The Schroder oriental income trust is an investment trust designed to take advantage of dividend growth in the Asia Pacific region.

The funds objective is to deliver income with the potential for capital growth. It has a target yield of 4.25-4.5 per cent and will invest in around 40 companies from areas such as Australia, India, Hong Kong and Japan. The portfolio will focus on equities, although it has the flexibility to invest in bonds and cash if the fund manager sees fit.

The fund will be managed by Schroders executive director Matthew Dobbs, who has over 20 years experience in Pacific Basin equities. He joined Schroders in 1981 and has worked for the company from bases in Singapore and New York. He has managed the Schroder Asia Pacific trust since launch in 1995.

According to Schroders, dividend yields in Asian markets are now at the same level as the UK. It says that since the Asian crisis in the 1990s, companies have been repairing balance sheers and boosting profits which has helped sustain future dividend payments.

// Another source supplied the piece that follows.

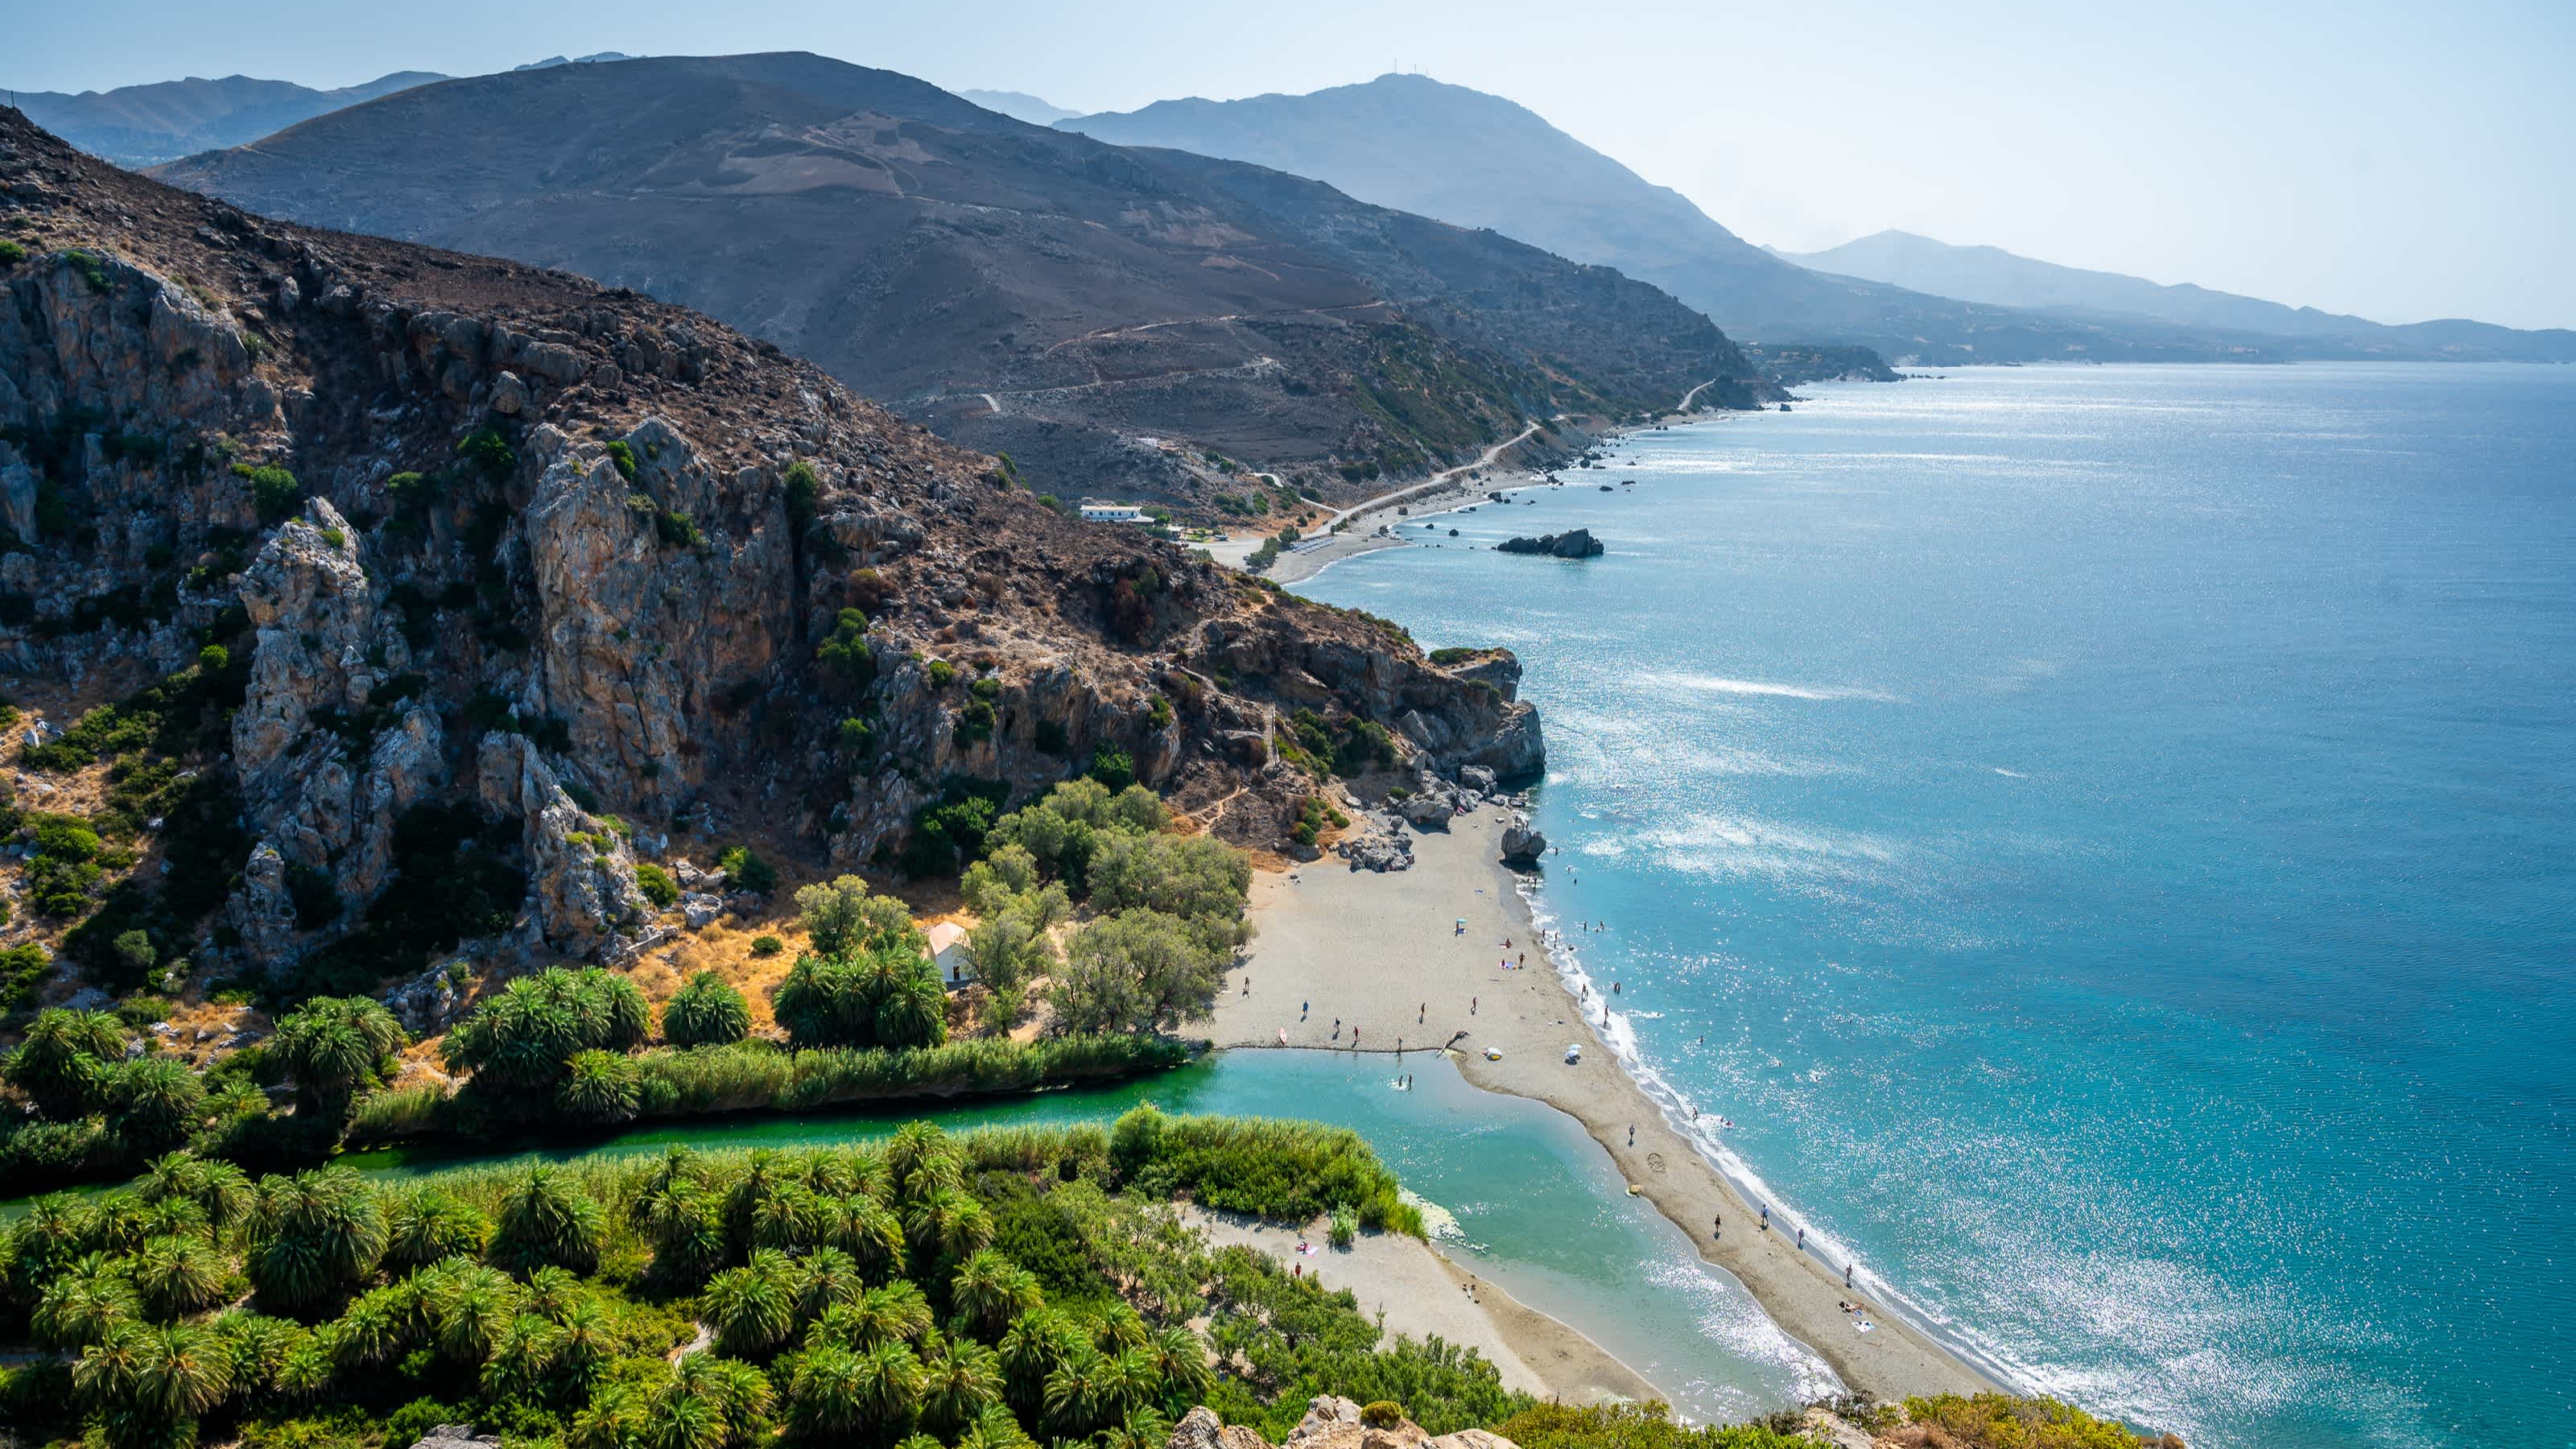 Blick auf den berühmten Preveli Strand im Sommer, Kreta, Griechenland.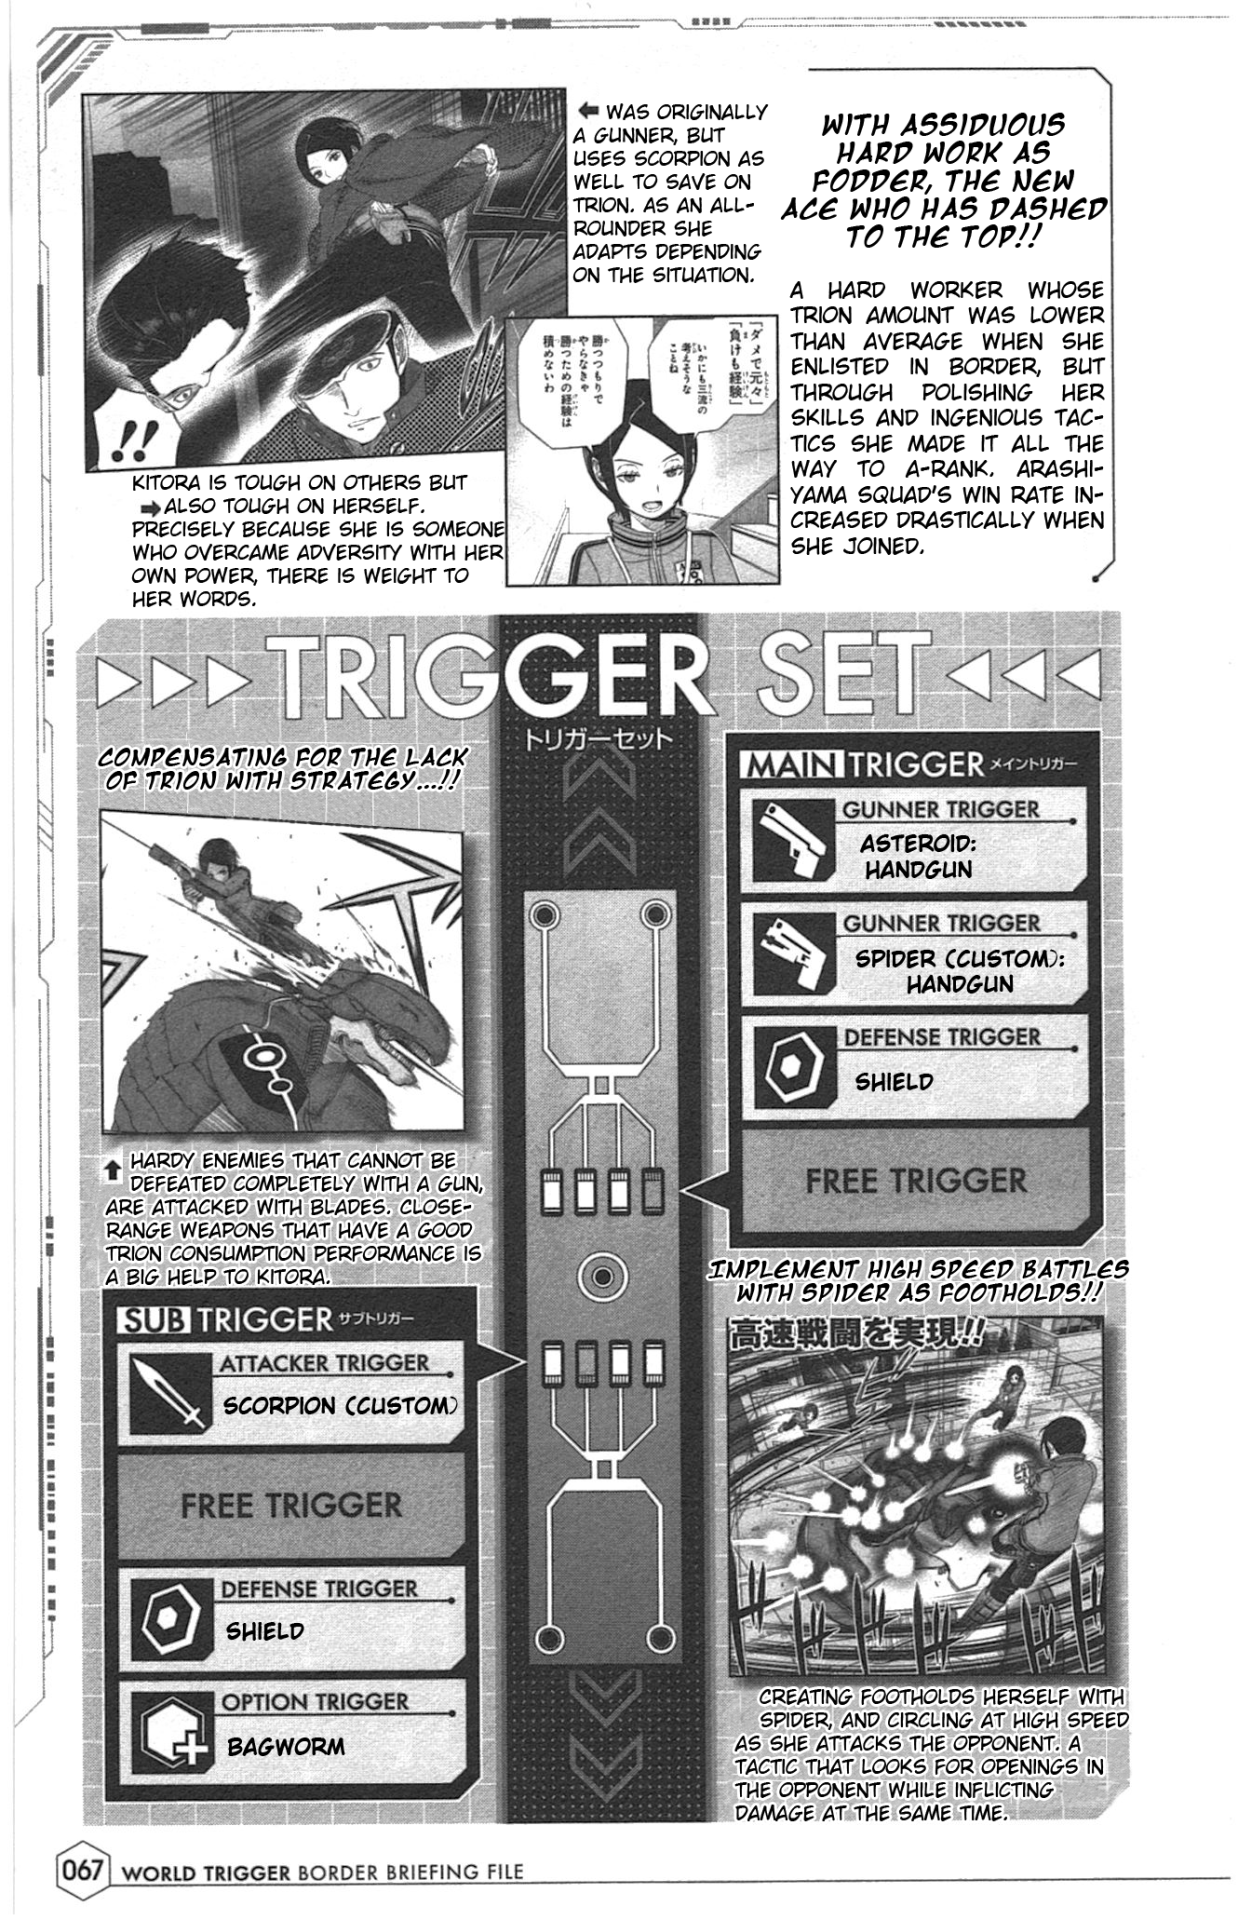 ちっぽけな僕ら — World Trigger BBF Translation - Part 3 of Many

Dobbs will look for companies where the share price does not reflect growth potential. When selecting holdings, the investment universe will be screened and company visits will be made. Dobbs will draw on research from 26 fund managers and 34 analysts within the Schroders group and will also consider factors such as the quality of a companys management, whether it has a competitive advantage in its market, valuation, cash flow and likely growth prospects relative to risk,

Reference will also be made to developments within the global economy and the wider industry issues which could affect each stock. Stocks will be sold when they are trading at or above Schroders target price, where a more attractive stock is found or there are changes in the industry or the company.

Growth in Asian markets is expected to happen at a faster rate than western markets and dividend payments are increasingly common from cash-rich companies, particularly those in the financial and telecommunications sectors.

However, there may be a feeling among IFAs that the UK is still a better bet for clients looking for income.